Однако теория Ганслика, изложенная в сочинении «О музыкально-прекрасном», не была каким-то непонятным предвосхищением того, чему время подошло спустя век, а была сложным, противоречивым комплексом или конгломератом идей, сложившимся в конкретных культурно-исторических условиях. Сейчас, например, понятно, что знаменитое гансликовское положение о музыке как о «звукодвижимых формах» (Tonend bewegte Formen), «которые составляют <ее> содержание и предмет»[78], не было одномерным эстетическим тезисом, не представляет собою вероисповедание эстетического формализма. От «звуковых движимых форм» как представлений о процессе разворачивания музыкального произведения мысль движется в двух направлениях: одно из них приводит к духовности искусства, к его осмысленности и идейности, воплощаемых в организованном музыкальной мыслью звуке, другое — к взаимосвязанным — логической объективности «самозначащего» искусства «в себе» и гедонистическому благозвучию самолюбующегося искусства. Необходимо заметить, что сама по себе эта формула («звукодвижимые формы»), категоричность которой Ганслик счел нужным несколько смягчить в повторных изданиях, как бы испугавшись ее вместе со своими критиками[79], в первую очередь указывает не на формальную структурность искусства, но на чувственную конкретность музыкального протекания — на ту сторону, которую культивировал и музыкальный бидермейер с его приятностью звучания (если не как самоцелью, то как непременным симптомом настоящего искусства).
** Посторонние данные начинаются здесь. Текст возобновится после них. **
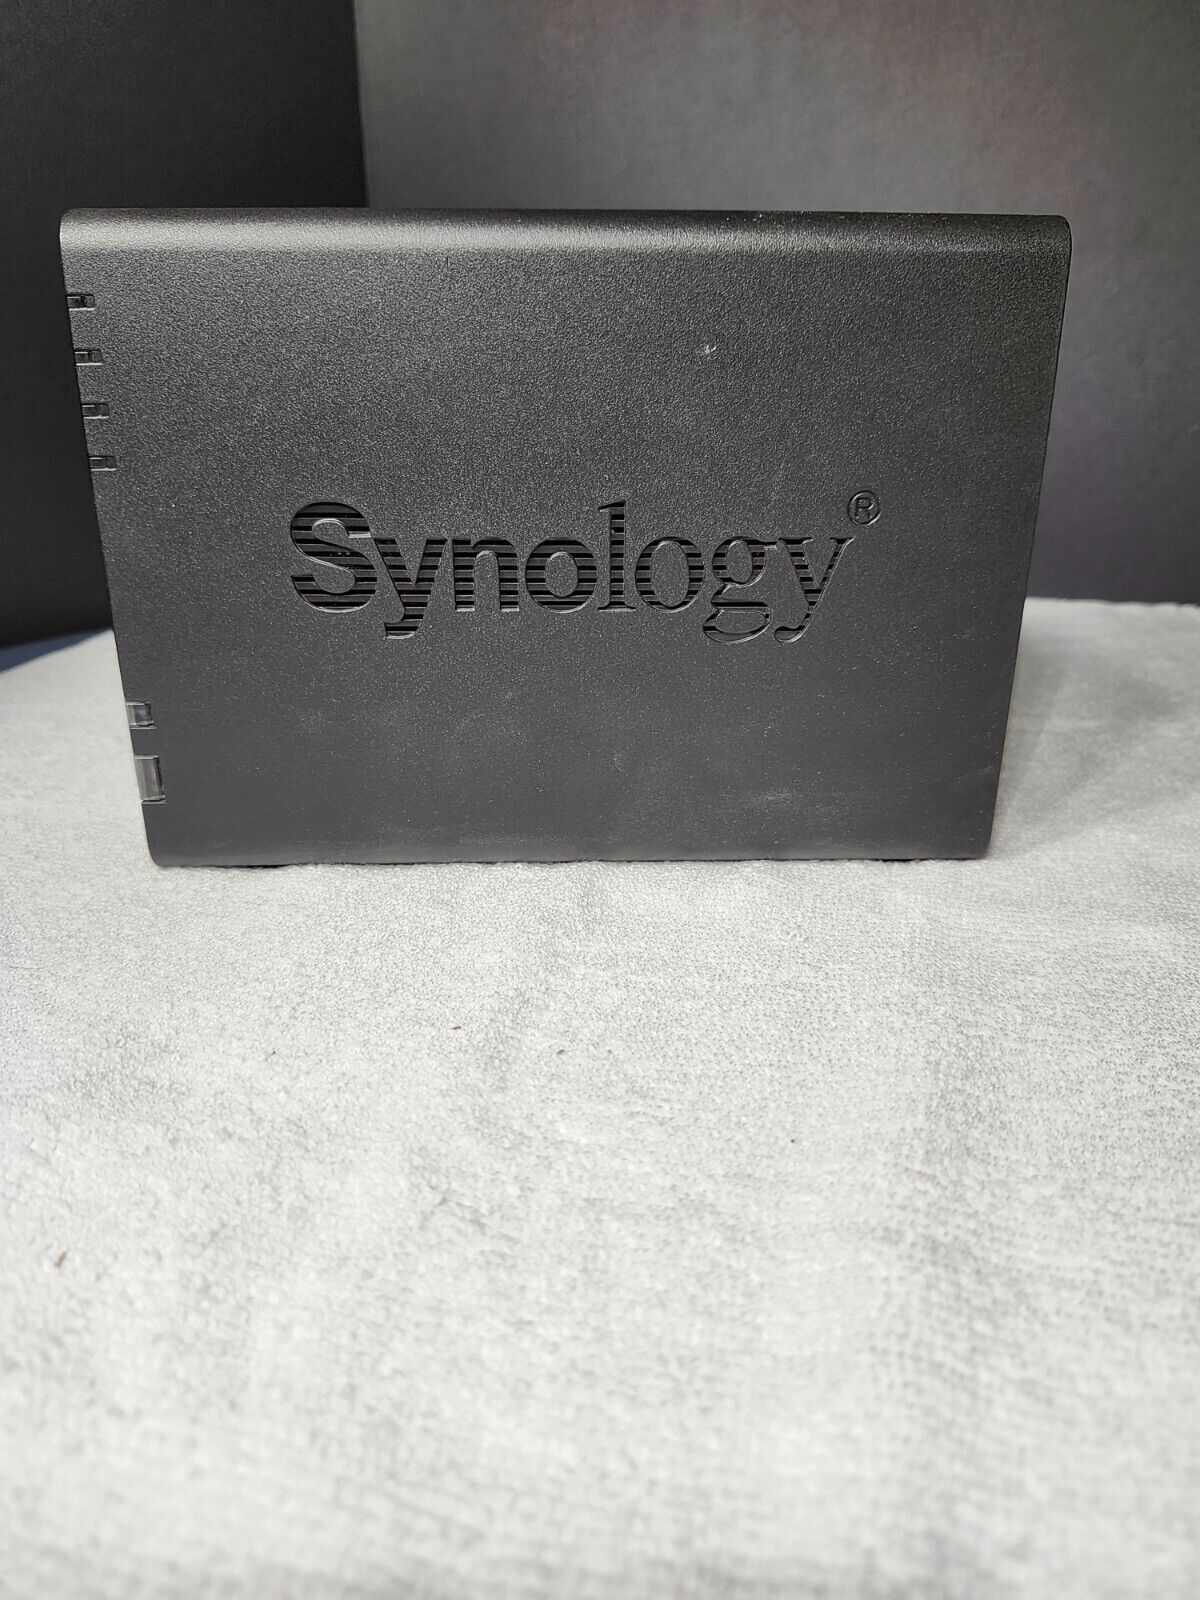 Synology DiskStation DS213 NAS Network Storage W/Discs- 2 Bays Clean & Tested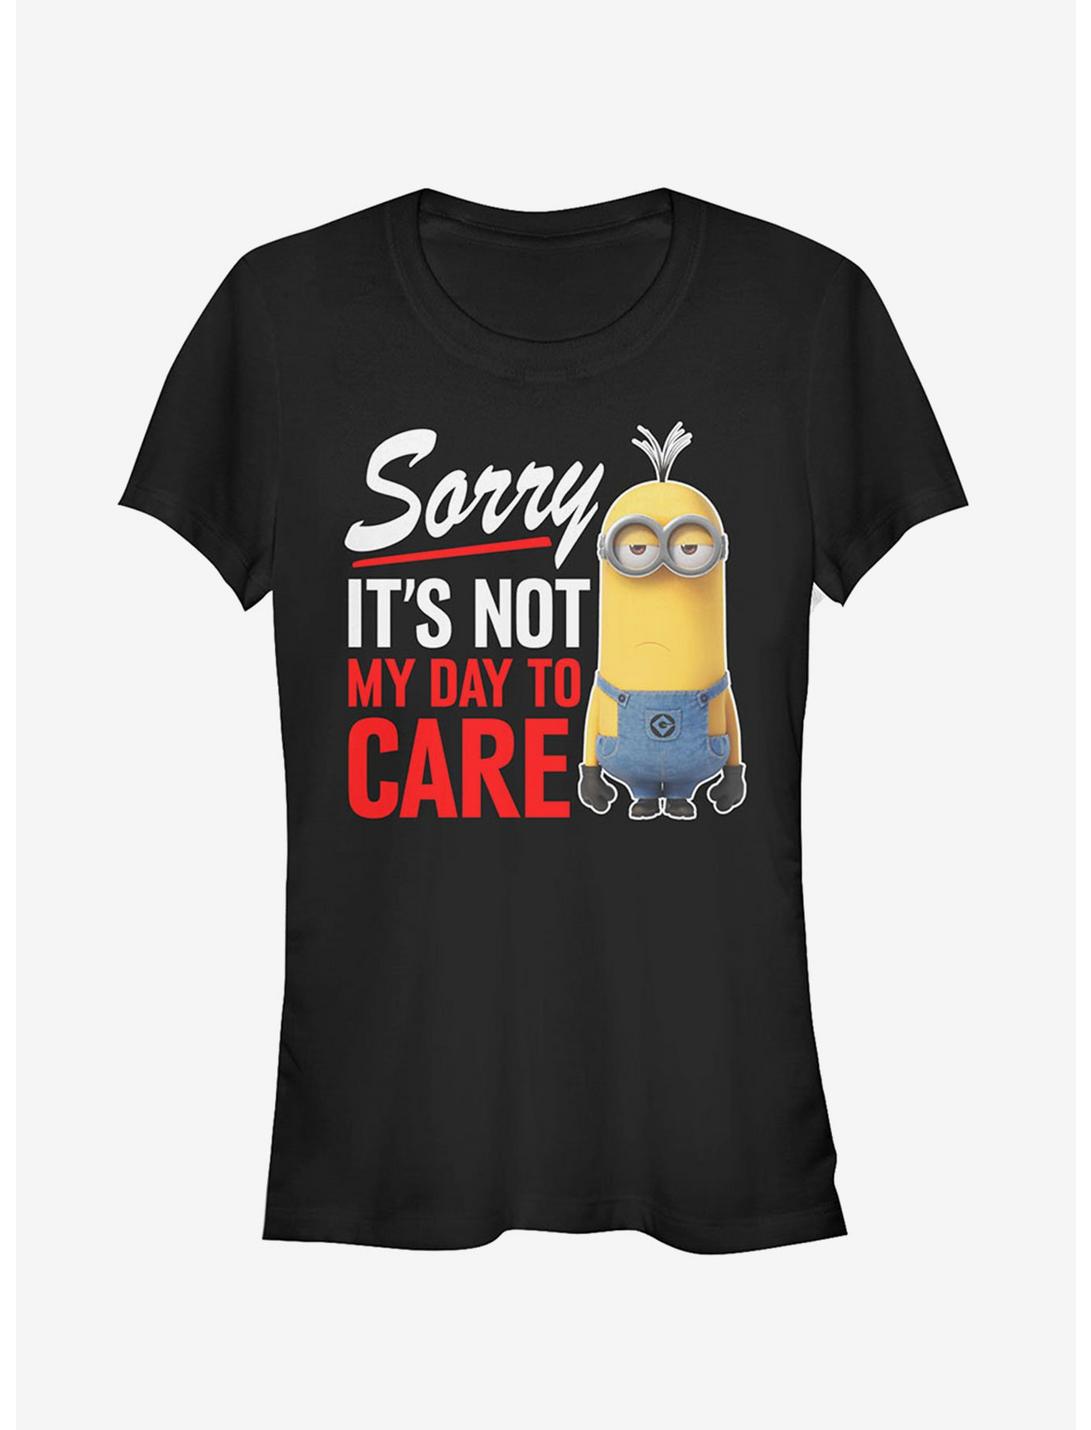 Minion Not Day to Care Girls T-Shirt, BLACK, hi-res

Однако как в реальном искусстве слито разное и синтезируется противоречивое, так и в теории, которая сколько-нибудь в силах отразить глубину проблематики своего времени: неудивительно, что музыка распадается у Ганслика на «дух» и на «чувственную красоту», соединить которые стоит немалых умственных усилий. Как представитель конкретной культурной традиции, Ганслик склонен к тому же проходить мимо чувства — пропускать уровень саморазворачивающегося, самостоятельного и самоценного чувства. У него формы с их художественной, моцартовской красотой и духовность искусства с ее истинностью в себе и вечным смыслом оказывались совсем рядом, потому что между ними не разрастался целый мир «антропоцентрического», психологизированного искусства.

В свою очередь, столь обычный для середины века психологизм мировосприятия (породивший и психологизм в «науках о духе» на рубеже XIX–XX веков) был весьма чужд и внутренне непонятен Ганслику. Поэтому, когда критики Ганслика ссылались на такой, абсолютно само собой разумеющийся для них психологизм, они совсем не «поражали» теорию Ганслика, как полагали они сами, не наносили ей смертельный удар. Ф. Штаде писал: «Чувство есть континуум (eine continuirliche Reihe) внутренних возбуждений, вызываемых внешними воздействиями и реагирующей деятельностью самосознания и материализуемых нервными возбуждениями, доступными измерению по времени до наимельчайших долей»[80].

Вся эта настроенность на чувство и весь этот психологизм, казавшиеся представителю немецкой науки очевидной предпосылкой любого эстетического рассмотрения, были чужды традиции австрийского интеллектуализма с его выдвижением на первый план логической структурности (по крайней мере, до тех пор, пока только эта традиция сохраняла силу). В одном случае чувство уверенно выдвигается вперед, в другом же — его заведомо ставят на место. В одной традиции завоевано чувство как континуум, что убедительно воплощено и искусством (вагнеровский «Тристан»!), и это же эмпирически-субъективное скольжение и вся неустойчивость субъекта объявляются основным материалом науки и ее опорой, ее первичной данностью (поток переживаний). А в другой традиции ясно и недвусмыленно сказано: «Чувство есть вторичное состояние…»[81]. Потому и отсылка к психологии индивида оказывалась малосущественной для музыкальной эстетики и ее, собственно, не задевала.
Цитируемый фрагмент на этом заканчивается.